Open Enrollment for Affordable Care Act begins nationwide

By Michael Campbell – News Editor

Virginians and Americans seeking health coverage can now begin shopping the Health Insurance Marketplaces as open enrollment began last week.

Those individuals seeking healthcare can enroll between now and Jan. 31, 2017 and, according to the U.S. Department of Health and Human Services, “most Marketplace consumers will again have plan options for less than $75 per month, thanks to financial assistance.”

“This Open Enrollment, we’re encouraging every American who might need coverage to visit HealthCare.gov, where they’ll find options for affordable health insurance.

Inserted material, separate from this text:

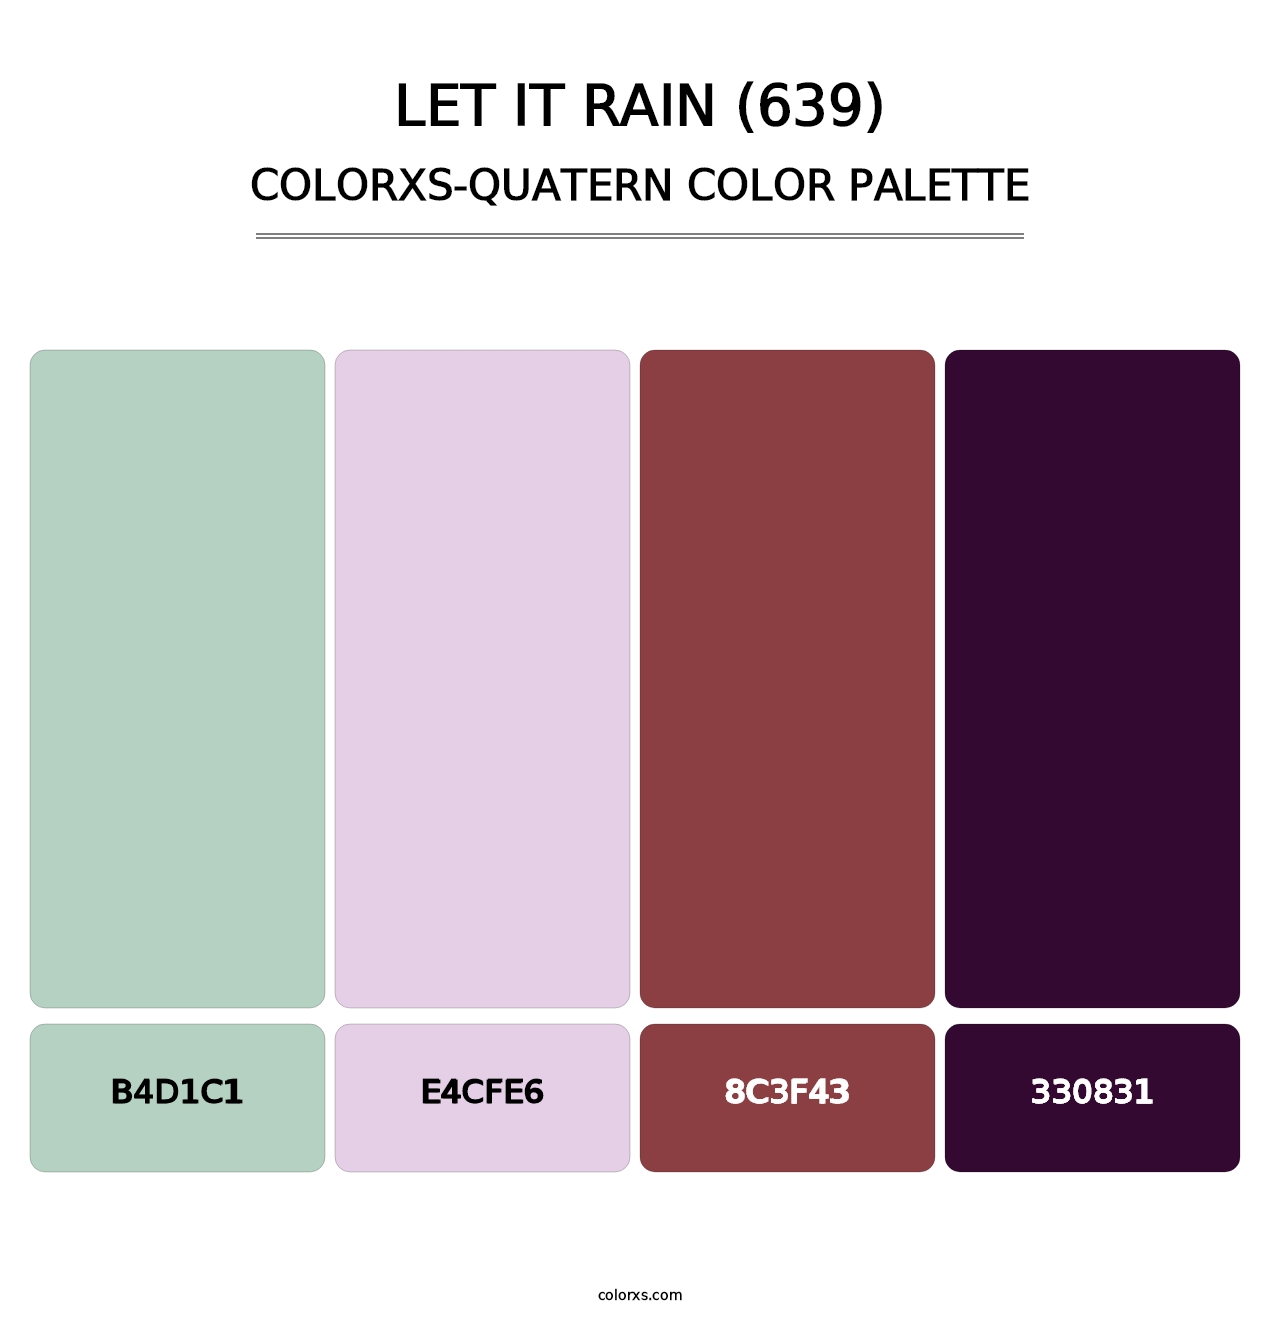 Let It Rain (639) - Colorxs Quatern Palette

This year, the vast majority of consumers will qualify for tax credits that help keep coverage affordable, and it’s easier than ever to shop around and compare options,” said HHS Secretary Sylvia M. Burwell. “As we sound today’s opening bell, let’s also take stock of the historic gains in coverage we’ve made as a country, and work together to continue that progress.”

Here in the Commonwealth, a total of ten carriers will offer plans in the Marketplace for Virginia consumers: Aetna, CareFirst Blue Choice, Cigna, Group Hospitalization and Medical Services, Health Keepers, Innovation Health Insurance Company, Kaiser Foundation Health Plan of the Mid-Atlantic, Optima Health Plan, Piedmont Community Healthcare (and Piedmont HMO) and UnitedHealthCare of the Mid-Atlantic.

According to HHS, since the Marketplace opened for business, “they have helped drive the national uninsured rate down to historic low after historic low: it reached 8.6 percent in the first quarter of 2016, down from 16.3 percent in 2010.”

The HHS reports “20 million more Americans have coverage today,” noting Medicaid expansion in 31 states and the District of Columbia and “the ability for young adults to stay on their parents’ plans up to age 26” have contributed to those gains.

Specifically in Virginia, data from the HHS shows over 420,000 people enrolled in private plans through the Virginia exchange during the 2016 open enrollment period.

That represents an increase of nearly 10 percent over the 385,000 people who enrolled the previous year.

In addition, 37 percent of Virginia exchange enrollees were new to the exchanges while the rest already had coverage from the previous year.

One of the primary concerns of Marketplace shoppers is cost, as each year of the exchange openings has been followed with price increases from providers.

In the commonwealth, data from the Bureau of Insurance shows the average increase for individual market plans ranges from 10 percent to nearly 30 percent for some plans.

In a statement, HHS suggests consumers shop around to find the best deals.

“If every returning consumer nationwide selected the lowest-cost plan within the same metal level, average premiums paid would fall by $28 per month – 20 percent – compared to 2016, after factoring in financial assistance,” officials stated.

“We want to make sure everyone knows it’s easier than ever to visit the Marketplace, compare your options, see if you qualify for lower costs, and sign up for the plan that best meets your needs and budget,” said HealthCare.gov CEO Kevin Counihan. “That’s why we’re going all-out for Open Enrollment this year, with a top-tier public education campaign and on-the-ground partnerships to reach people where they are and spread the word about the opportunity to enroll in affordable coverage.”

According to HHS, “85 percent of current Marketplace consumers receive tax credits that bring down the cost of coverage, and, nationwide, about the same percentage of Marketplace-eligible uninsured Americans also have incomes that could qualify them for tax credits.”

Officials add, “an estimated 2.5 million people currently paying full price for health insurance in the off-Marketplace individual market could be eligible for tax credits if they purchase 2017 coverage through the Marketplace.”

If you don’t have health insurance by the end of the year, you could be in for large penalties as the charge as increased when compared to 2014 and 2015.

According to officials, the penalty for being uninsured in 2016, which would be assessed when tax returns are filed in early 2017, is $695 per uninsured adult or 2.5 percent of the household income, whichever is higher.